Data below:

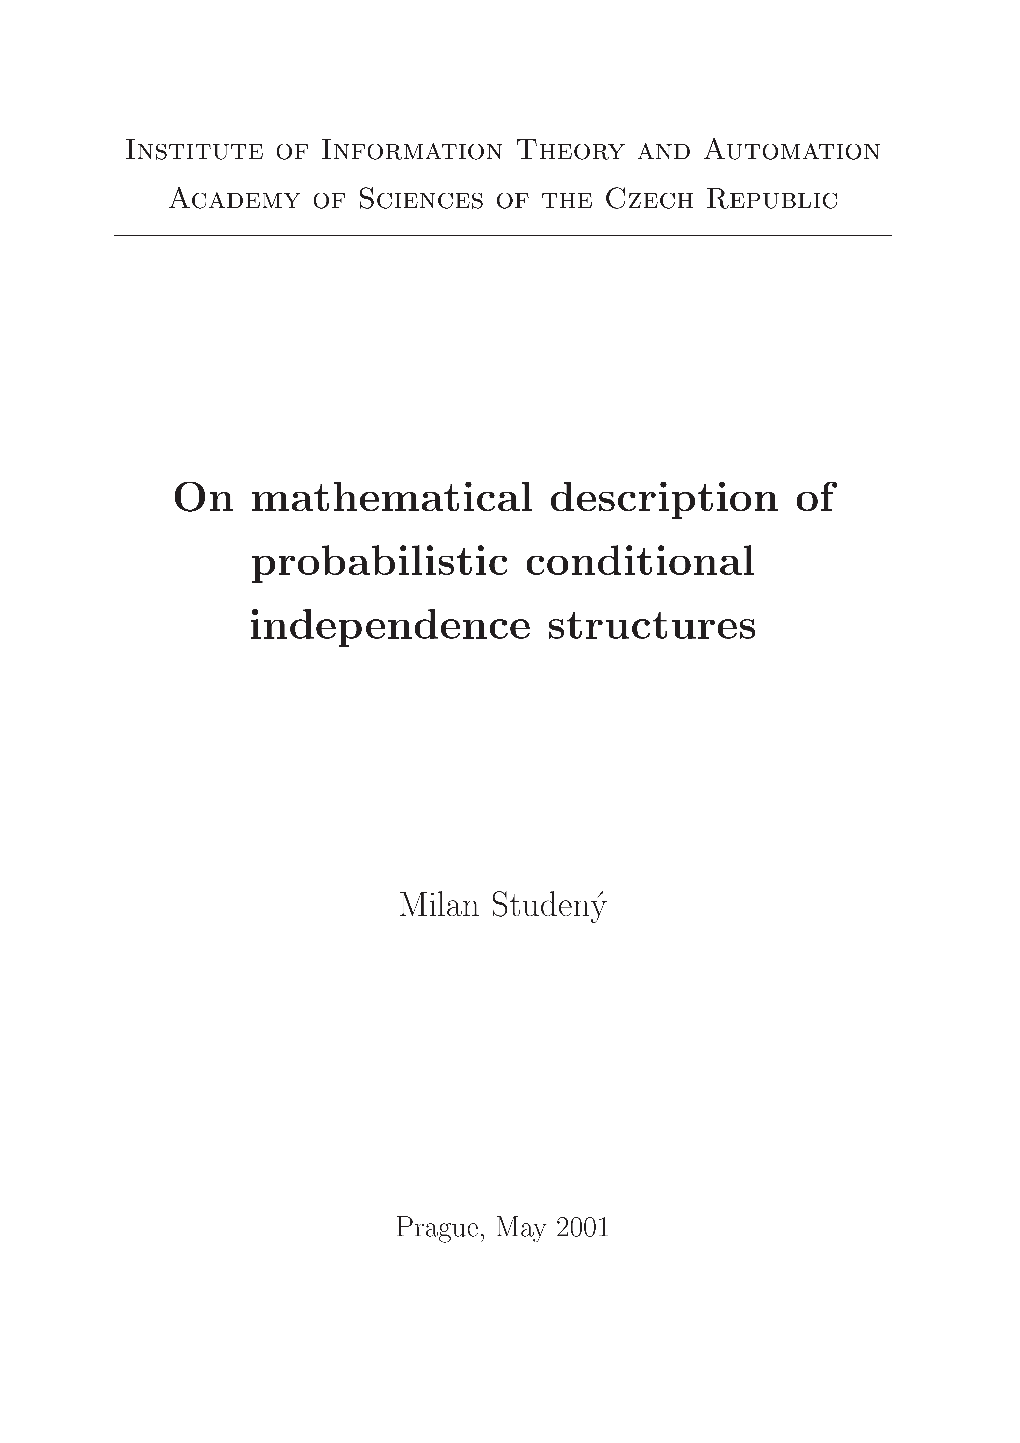 On Mathematical Description of Probabilistic Conditional
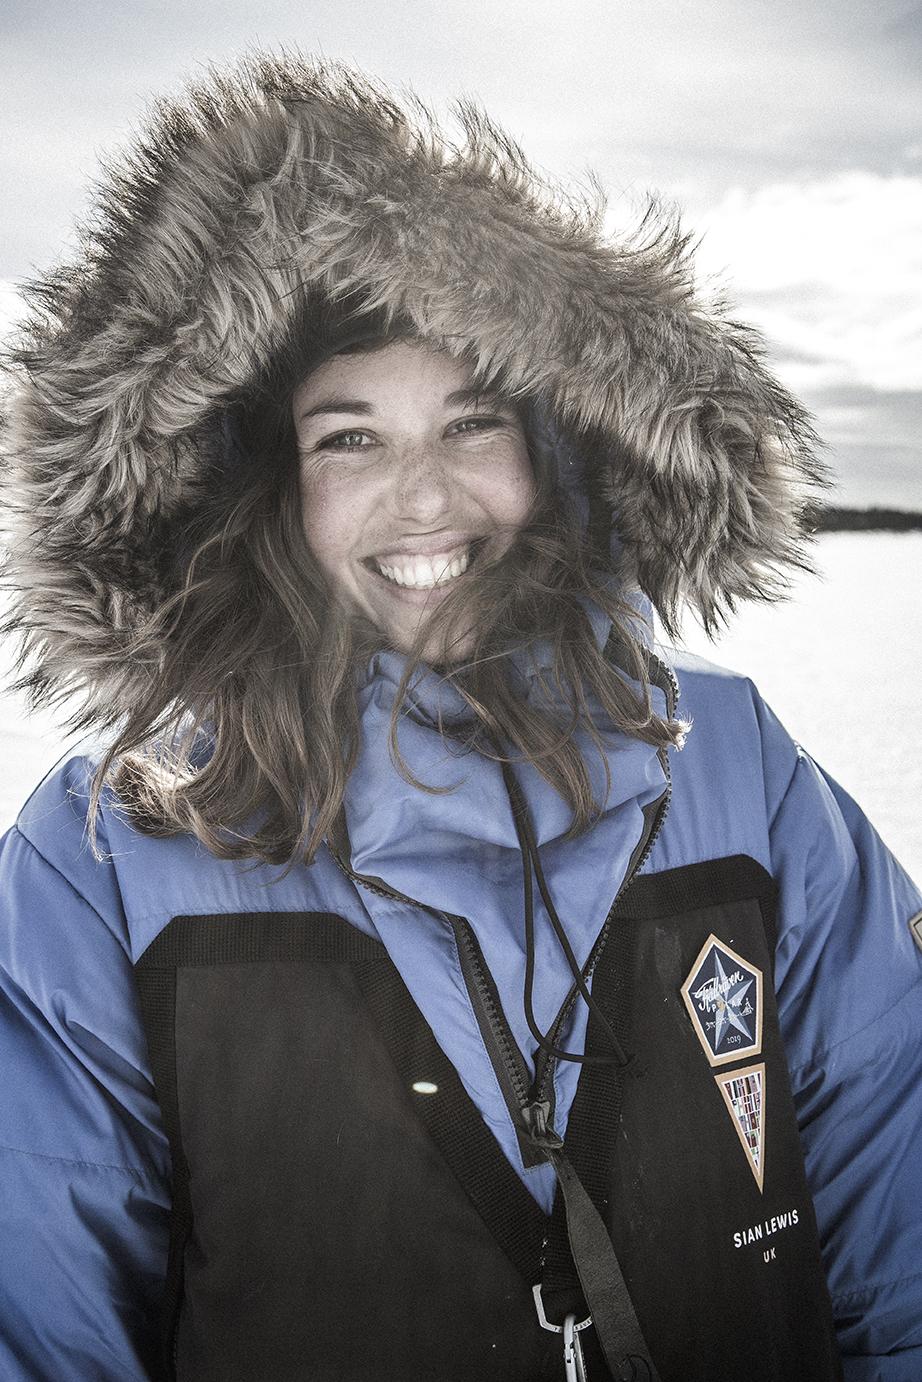 Fjällräven Polar 2019 Sian Lewis story of an Arctic adventure
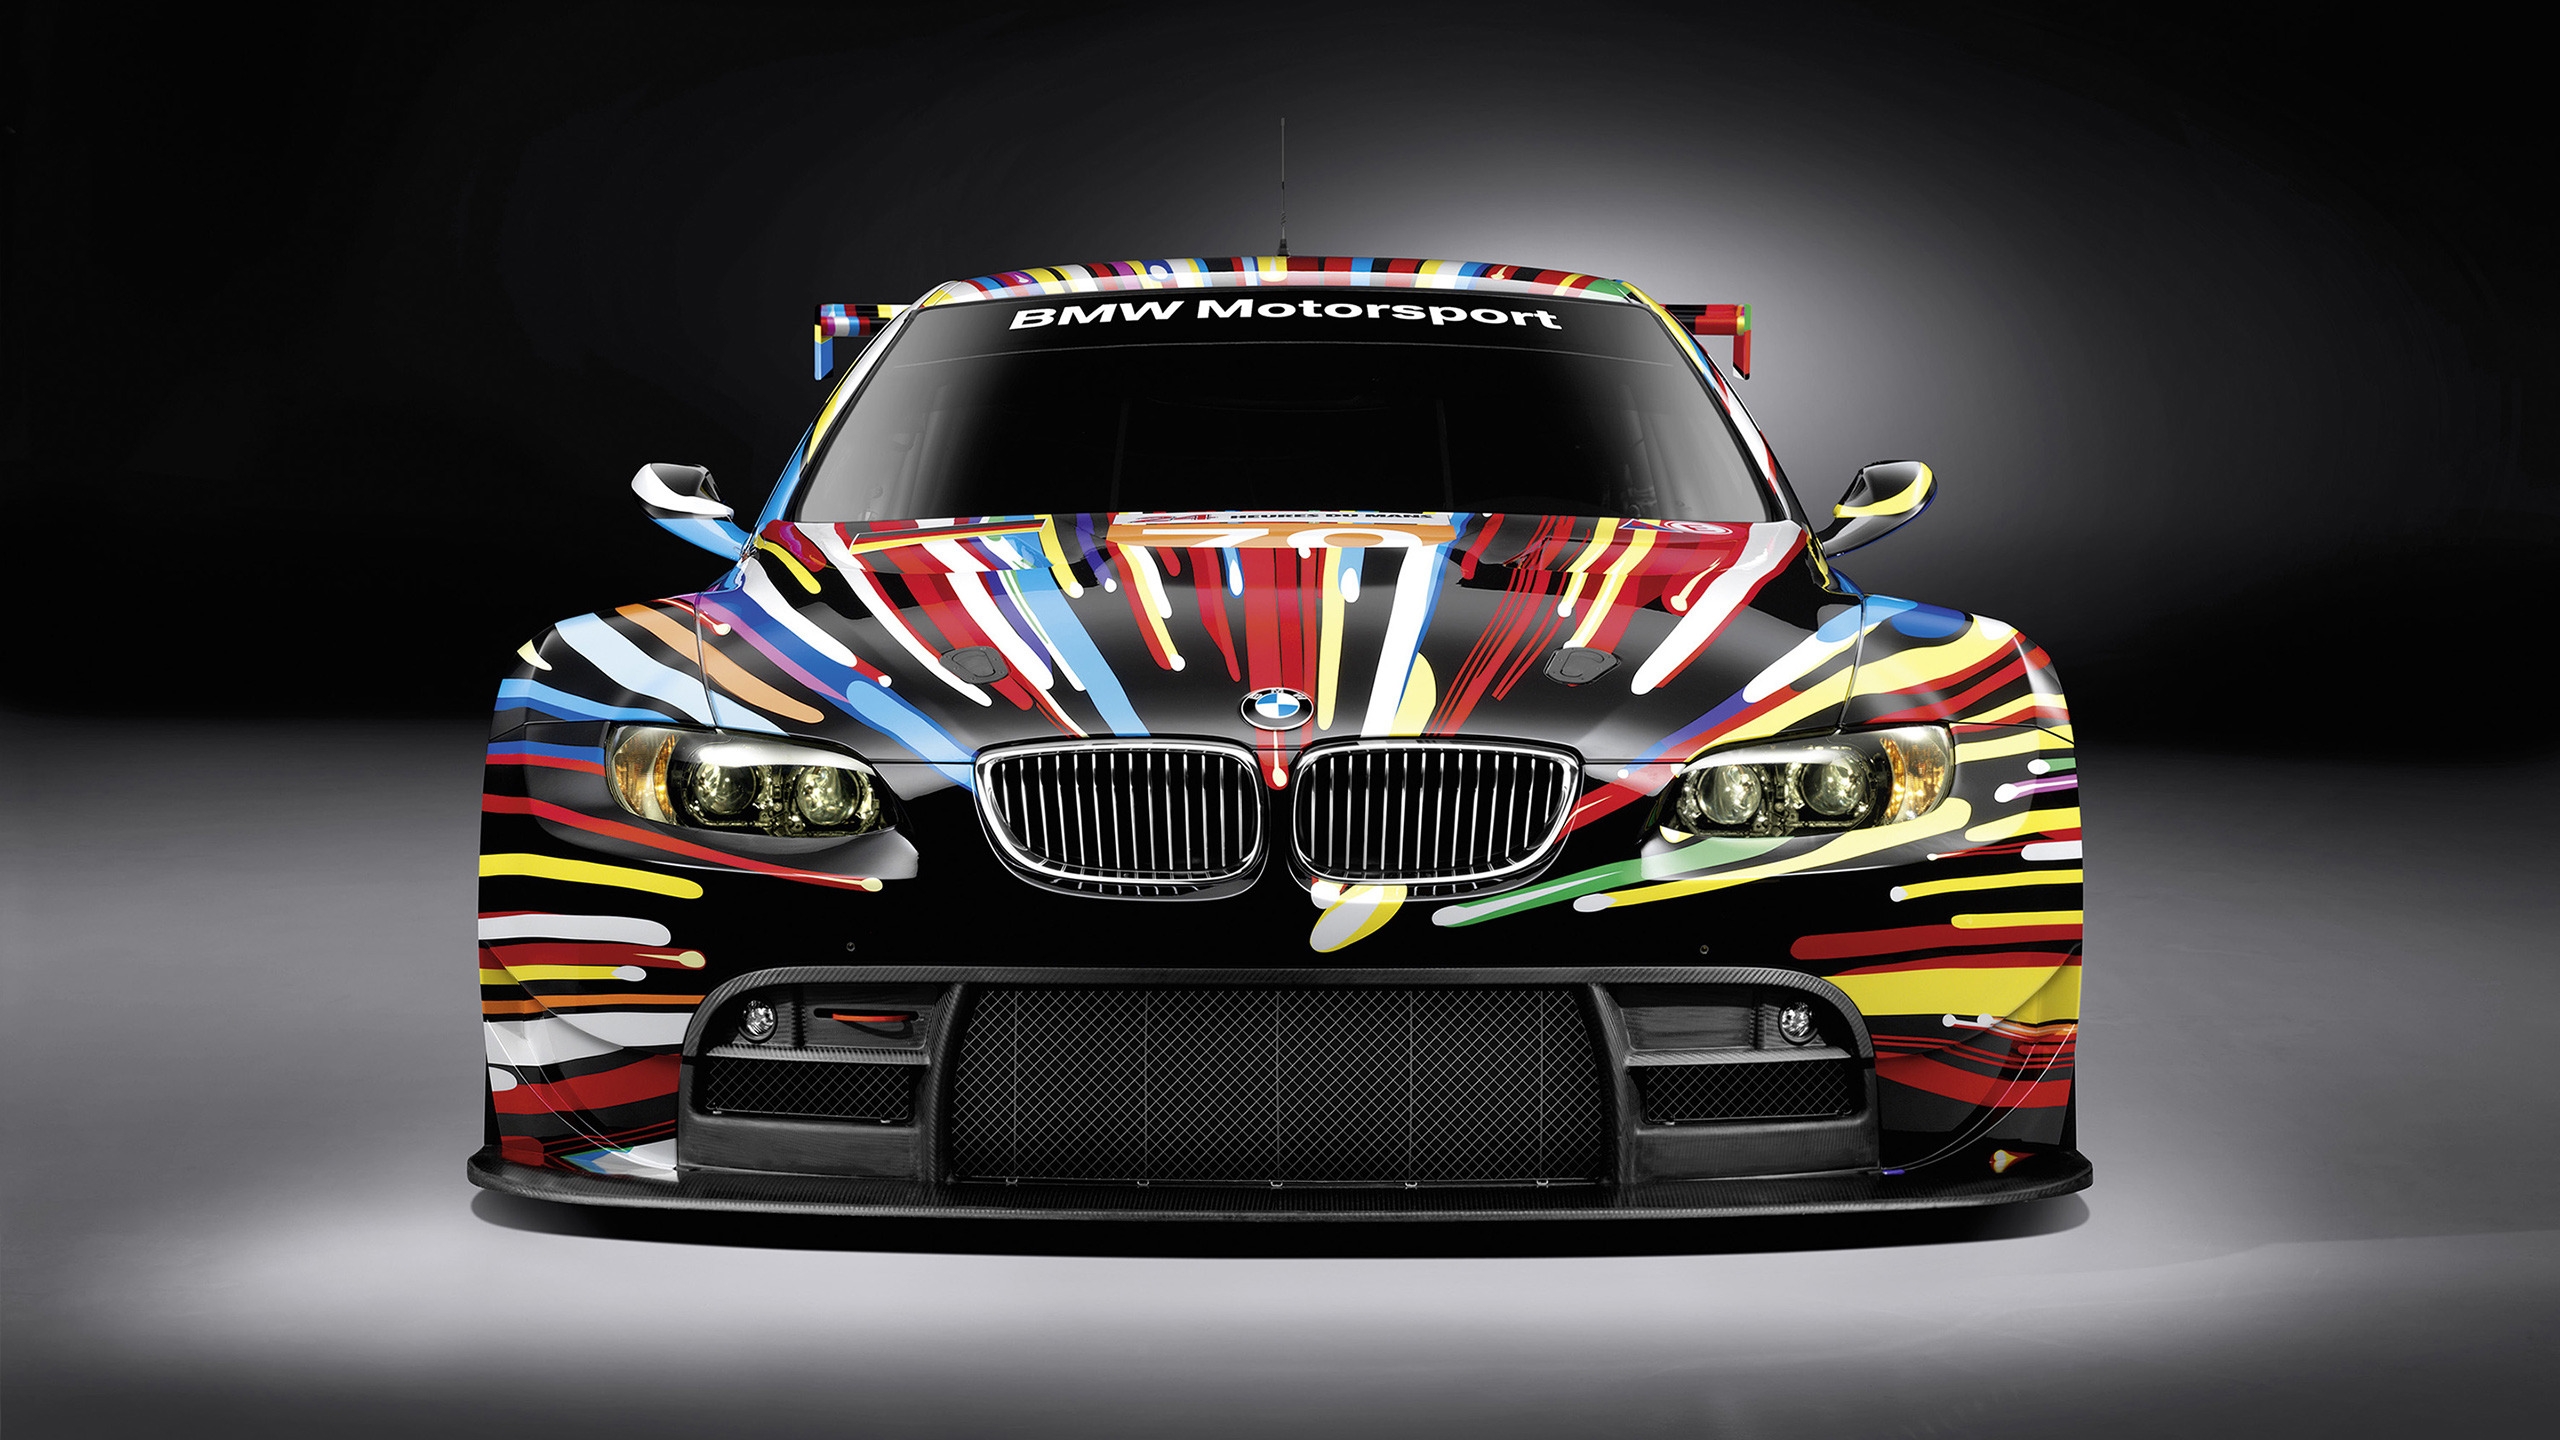 BMW M3 GT 2 Art for 2560x1440 HDTV resolution

End of Data.

● Instructions for the task
Omit the pictures, and quote the material above exactly as given.

● The completed task
 On Mathematical Description of Probabilistic Conditional
 Fjällräven Polar 2019 Sian Lewis story of an Arctic adventure
 BMW M3 GT 2 Art for 2560x1440 HDTV resolution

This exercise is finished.